Marx ignora la vera dignità dell’uomo: egli infatti lo vuole libero da tutte le strutture oppressive e dalla alienazione, l’uomo cioè dovrebbe poter sviluppare tutte le sue capacità creative e non essere angustiato da preoccupazioni materiali. Tuttavia, negando Dio, Marx non comprende l’unica e speciale dignità che solo Dio può garantire e così negando Dio rende l’uomo piccolo e miserabile. Non dovremmo dimenticare che Marx reagì contro l’individualismo capitalista del suo tempo, si levò contro le quasi assolute pretese dell’individuo “liberale” e sottolineò l’importanza dell’uomo come essere sociale.

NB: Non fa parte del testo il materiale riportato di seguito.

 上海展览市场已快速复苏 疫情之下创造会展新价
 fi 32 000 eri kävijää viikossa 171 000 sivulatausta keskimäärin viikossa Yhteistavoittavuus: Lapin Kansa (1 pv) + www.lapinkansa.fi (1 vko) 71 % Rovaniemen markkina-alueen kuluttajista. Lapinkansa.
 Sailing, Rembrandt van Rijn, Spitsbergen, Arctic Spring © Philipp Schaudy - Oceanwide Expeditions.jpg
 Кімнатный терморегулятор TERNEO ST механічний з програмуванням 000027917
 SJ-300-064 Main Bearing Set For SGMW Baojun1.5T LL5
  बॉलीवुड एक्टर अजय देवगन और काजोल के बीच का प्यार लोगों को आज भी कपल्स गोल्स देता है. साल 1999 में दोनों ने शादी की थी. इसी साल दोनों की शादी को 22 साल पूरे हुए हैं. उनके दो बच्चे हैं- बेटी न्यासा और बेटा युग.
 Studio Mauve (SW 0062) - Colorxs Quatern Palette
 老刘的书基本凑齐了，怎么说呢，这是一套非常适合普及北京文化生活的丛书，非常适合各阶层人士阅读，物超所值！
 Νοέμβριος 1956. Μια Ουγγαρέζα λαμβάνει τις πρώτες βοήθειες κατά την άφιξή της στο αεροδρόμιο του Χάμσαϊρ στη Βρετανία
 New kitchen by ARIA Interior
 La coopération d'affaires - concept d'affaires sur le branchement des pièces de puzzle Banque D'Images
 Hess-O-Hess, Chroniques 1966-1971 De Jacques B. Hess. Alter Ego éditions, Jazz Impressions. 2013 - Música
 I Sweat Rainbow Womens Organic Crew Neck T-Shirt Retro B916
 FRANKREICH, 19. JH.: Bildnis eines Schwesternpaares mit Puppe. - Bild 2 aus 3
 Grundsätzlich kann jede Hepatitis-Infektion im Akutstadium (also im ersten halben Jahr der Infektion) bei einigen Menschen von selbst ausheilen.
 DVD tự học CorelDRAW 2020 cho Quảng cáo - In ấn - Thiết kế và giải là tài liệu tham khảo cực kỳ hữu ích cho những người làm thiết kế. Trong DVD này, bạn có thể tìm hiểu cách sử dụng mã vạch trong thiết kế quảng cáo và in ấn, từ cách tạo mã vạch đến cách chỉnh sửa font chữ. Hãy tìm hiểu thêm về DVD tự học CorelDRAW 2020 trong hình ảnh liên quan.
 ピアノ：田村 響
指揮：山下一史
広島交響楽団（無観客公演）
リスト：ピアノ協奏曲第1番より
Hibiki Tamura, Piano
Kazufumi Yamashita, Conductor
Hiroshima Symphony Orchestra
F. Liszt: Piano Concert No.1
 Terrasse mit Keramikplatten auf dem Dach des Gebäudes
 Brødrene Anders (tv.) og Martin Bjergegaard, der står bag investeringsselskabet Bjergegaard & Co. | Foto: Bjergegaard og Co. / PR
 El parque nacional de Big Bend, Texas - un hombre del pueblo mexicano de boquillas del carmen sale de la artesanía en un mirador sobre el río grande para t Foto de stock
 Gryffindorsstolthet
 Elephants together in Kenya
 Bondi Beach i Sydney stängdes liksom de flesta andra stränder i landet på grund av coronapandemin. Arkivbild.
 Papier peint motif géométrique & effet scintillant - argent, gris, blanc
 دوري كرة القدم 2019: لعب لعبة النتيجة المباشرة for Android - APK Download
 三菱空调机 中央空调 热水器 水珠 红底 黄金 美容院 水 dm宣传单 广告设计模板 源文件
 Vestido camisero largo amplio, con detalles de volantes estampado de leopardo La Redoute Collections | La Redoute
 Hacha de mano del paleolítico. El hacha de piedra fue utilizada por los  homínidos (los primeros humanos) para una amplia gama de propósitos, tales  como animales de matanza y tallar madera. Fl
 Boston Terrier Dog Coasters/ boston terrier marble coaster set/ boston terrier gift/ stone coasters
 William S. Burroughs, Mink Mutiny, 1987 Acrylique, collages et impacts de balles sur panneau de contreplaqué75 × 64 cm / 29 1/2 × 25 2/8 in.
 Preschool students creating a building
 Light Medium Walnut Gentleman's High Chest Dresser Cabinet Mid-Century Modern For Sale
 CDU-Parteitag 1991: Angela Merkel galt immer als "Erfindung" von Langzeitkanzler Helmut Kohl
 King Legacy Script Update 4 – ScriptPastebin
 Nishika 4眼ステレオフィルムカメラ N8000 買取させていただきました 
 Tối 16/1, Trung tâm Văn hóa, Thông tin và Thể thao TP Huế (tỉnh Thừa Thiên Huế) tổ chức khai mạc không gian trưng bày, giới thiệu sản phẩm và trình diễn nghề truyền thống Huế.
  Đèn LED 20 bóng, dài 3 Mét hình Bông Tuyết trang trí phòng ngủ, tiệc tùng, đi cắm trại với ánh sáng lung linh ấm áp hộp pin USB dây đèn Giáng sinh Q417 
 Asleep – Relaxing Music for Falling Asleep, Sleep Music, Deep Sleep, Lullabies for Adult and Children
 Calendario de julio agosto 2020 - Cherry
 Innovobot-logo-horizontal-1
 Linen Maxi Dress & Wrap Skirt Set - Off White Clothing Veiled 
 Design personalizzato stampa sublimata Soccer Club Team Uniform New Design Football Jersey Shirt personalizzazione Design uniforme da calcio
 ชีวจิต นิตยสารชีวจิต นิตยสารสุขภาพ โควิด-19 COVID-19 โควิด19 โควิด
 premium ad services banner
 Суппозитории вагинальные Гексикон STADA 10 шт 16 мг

Con i seguaci di Marx, ad esempio Lenin, il valore dell’individuo divenne ancora minore: tutto ciò che contava per Lenin era il “collettivo”, il “gruppo”, l’uomo come “specie”. Per Cristo invece l’uomo nuovo è modellato ad immagine di Dio, amato da Dio, accettato da Dio. La sua dignità è basata su Dio e legata a Dio. Né il colore della pelle , né l’infermità fisica o mentale, né la miseria, né le catene possono distruggere questa dignità data da Dio e rinnovata in Cristo. Solo se questa dignità data da Dio alla persona viene da questa liberamente accettata, una reale “comunità” può crescere insieme. In caso contrario un gruppo di persone diventa una massa anonima e collettiva. Marx ha una visione utopica  dell’ideale dell’uomo nuovo: questi, tuttavia, è già divenuto realtà in Cristo, Egli è più dell’uomo nuovo che Marx aveva sognato.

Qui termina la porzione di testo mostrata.